Absolute Runtime vs batch size

Figure 1: Absolute runtimes to traverse full training set (50,000 examples). Reporting average runtime over 5 complete epochs (discarding the runtime of the first epoch since it always has overhead). Any missing data indicates "out of memory" occurred at that batch size. Reported TFLOPS are for float32 operations.

Relative Runtime vs batch size (reference = V100)

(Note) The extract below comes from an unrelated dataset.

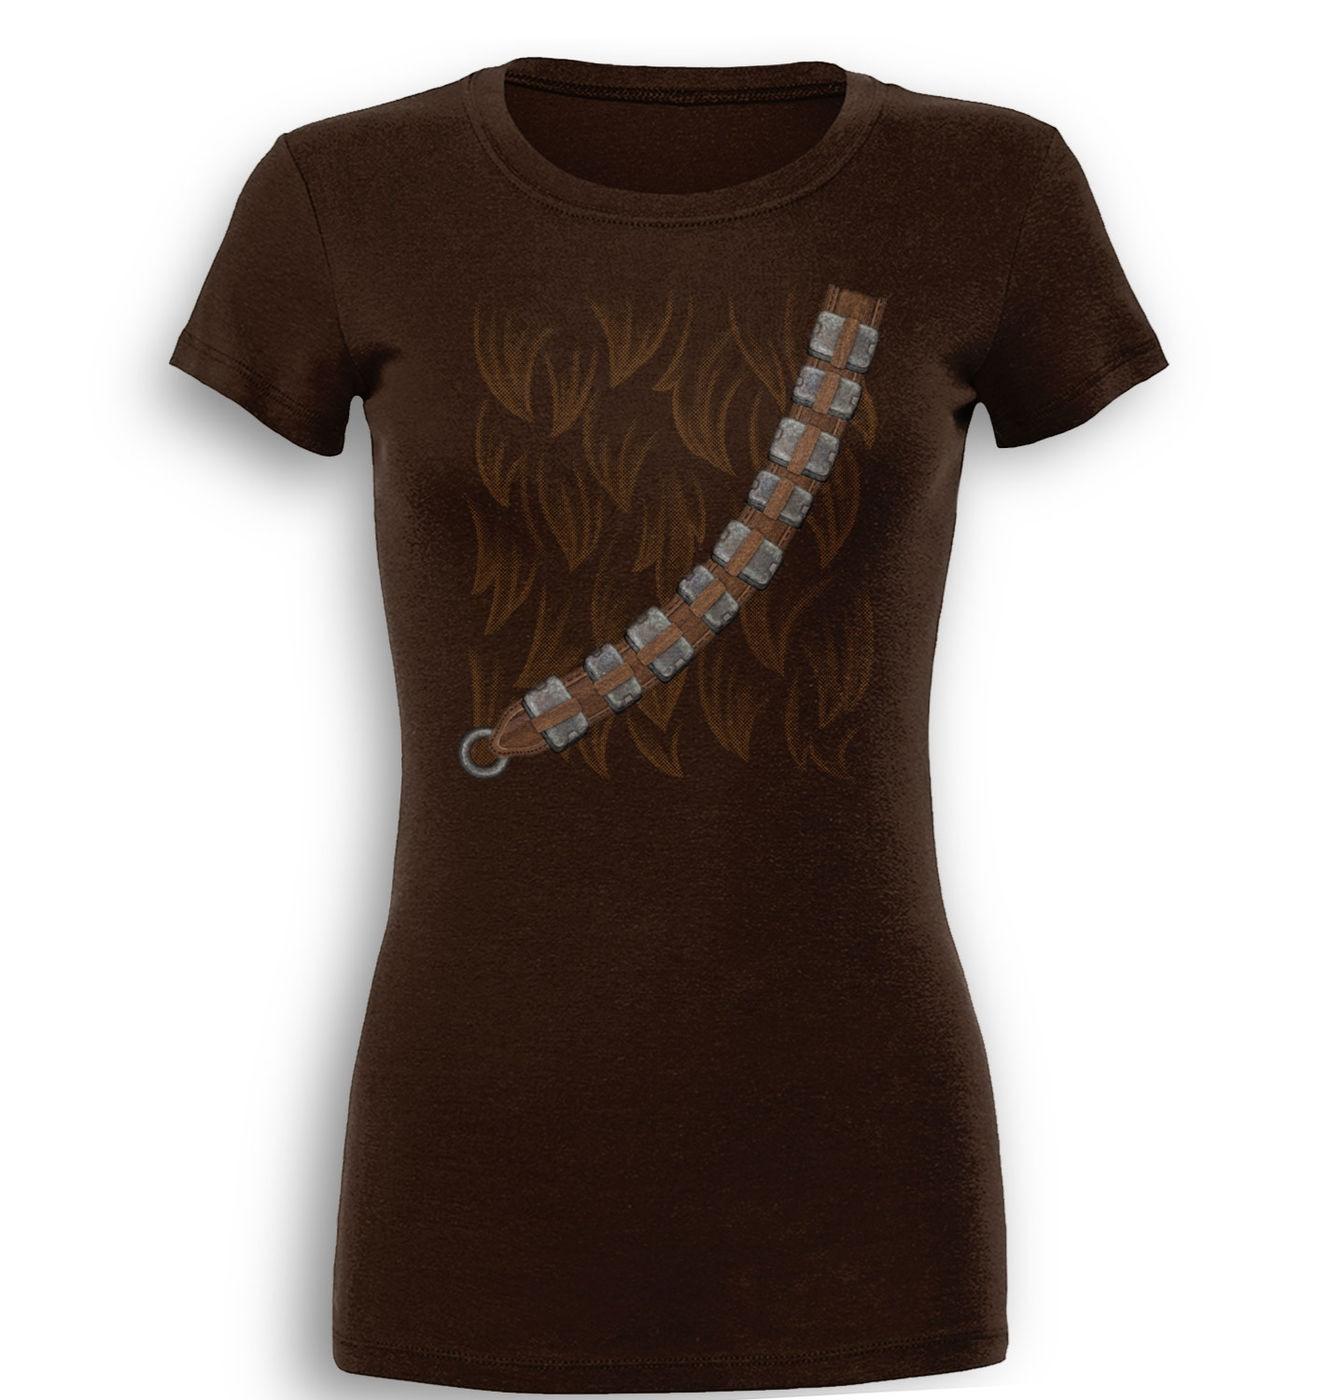 Chewie Costume premium womens t-shirt by Something Geeky

Figure 2: Relative runtime comparison on SVHN using SSL VAE with Wide ResNet 28 CNN architecture. Any y-axis value below 1.0 would indicate the method is faster than V100 at that batchsize. Reporting average runtime over 5 complete epochs (discarding the runtime of the first epoch since it always has overhead). Any missing data indicates "out of memory" occurred at that batch size. Reported TFLOPS are for float32 operations.

GPU memory usage vs batch size

Figure 3: GPU memory consumption on SVHN using SSL VAE with Wide ResNet 28 CNN architecture. Averaged over 5 epochs (we observed very little fluctuation after 1 epoch). Any missing data indicates "out of memory" occurred at that batch size. Trained using gradient descent in Tensorflow with gpu memory growth enabled.

CPU memory usage vs batch size

Figure 4: CPU memory consumption on SVHN using SSL VAE with Wide ResNet 28 CNN architecture. Averaged over 5 epochs (we observed very little fluctuation after 1 epoch). Any missing data indicates "out of memory" occurred at that batch size. Trained using gradient descent in Tensorflow with gpu memory growth enabled.